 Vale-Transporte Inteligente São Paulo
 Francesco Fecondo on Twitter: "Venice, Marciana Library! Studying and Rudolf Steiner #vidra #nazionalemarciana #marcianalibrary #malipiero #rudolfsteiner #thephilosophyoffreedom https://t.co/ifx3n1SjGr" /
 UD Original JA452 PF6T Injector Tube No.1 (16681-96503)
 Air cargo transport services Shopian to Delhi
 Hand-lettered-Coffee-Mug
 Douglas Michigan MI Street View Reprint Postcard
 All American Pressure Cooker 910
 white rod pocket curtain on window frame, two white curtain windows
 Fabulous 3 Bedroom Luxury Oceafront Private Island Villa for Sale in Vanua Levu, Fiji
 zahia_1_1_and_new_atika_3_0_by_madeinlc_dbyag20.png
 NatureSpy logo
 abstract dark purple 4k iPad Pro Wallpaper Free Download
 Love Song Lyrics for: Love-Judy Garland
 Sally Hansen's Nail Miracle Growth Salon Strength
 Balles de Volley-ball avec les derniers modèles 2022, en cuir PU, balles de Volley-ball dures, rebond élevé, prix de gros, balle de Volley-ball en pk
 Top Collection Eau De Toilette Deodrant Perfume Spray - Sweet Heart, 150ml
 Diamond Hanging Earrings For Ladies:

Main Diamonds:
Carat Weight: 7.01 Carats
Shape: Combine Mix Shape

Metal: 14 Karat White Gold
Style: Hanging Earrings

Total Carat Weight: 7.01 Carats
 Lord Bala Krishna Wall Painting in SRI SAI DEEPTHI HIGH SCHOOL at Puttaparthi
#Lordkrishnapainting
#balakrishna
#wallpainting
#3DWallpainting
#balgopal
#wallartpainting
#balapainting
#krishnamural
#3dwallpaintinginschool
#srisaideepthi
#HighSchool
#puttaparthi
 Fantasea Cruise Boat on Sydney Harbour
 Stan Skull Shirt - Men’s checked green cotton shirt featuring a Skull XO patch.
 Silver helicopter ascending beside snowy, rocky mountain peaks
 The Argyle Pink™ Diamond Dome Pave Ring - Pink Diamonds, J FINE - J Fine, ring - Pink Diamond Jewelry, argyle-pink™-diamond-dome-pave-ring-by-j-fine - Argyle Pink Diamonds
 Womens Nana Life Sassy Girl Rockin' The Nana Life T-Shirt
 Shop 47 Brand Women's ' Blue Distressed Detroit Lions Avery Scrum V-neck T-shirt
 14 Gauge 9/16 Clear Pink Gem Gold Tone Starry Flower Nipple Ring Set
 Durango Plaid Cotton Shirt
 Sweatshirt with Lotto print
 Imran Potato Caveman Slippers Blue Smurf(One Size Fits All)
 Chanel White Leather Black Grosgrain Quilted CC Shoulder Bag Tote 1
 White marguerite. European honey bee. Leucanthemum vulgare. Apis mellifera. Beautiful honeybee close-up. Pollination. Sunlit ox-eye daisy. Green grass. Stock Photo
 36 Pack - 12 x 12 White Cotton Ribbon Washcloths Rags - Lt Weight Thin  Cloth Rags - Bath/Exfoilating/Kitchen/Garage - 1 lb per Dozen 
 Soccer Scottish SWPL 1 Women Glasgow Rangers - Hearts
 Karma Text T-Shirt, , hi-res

## [TASK REQUIREMENTS]
Would you please write out, exactly and with no other lines, the stretch of the listing above from the line containing "Air cargo transport" through the line containing "NatureSpy logo"?

## [SOLUTION BELOW]
 Air cargo transport services Shopian to Delhi
 Hand-lettered-Coffee-Mug
 Douglas Michigan MI Street View Reprint Postcard
 All American Pressure Cooker 910
 white rod pocket curtain on window frame, two white curtain windows
 Fabulous 3 Bedroom Luxury Oceafront Private Island Villa for Sale in Vanua Levu, Fiji
 zahia_1_1_and_new_atika_3_0_by_madeinlc_dbyag20.png
 NatureSpy logo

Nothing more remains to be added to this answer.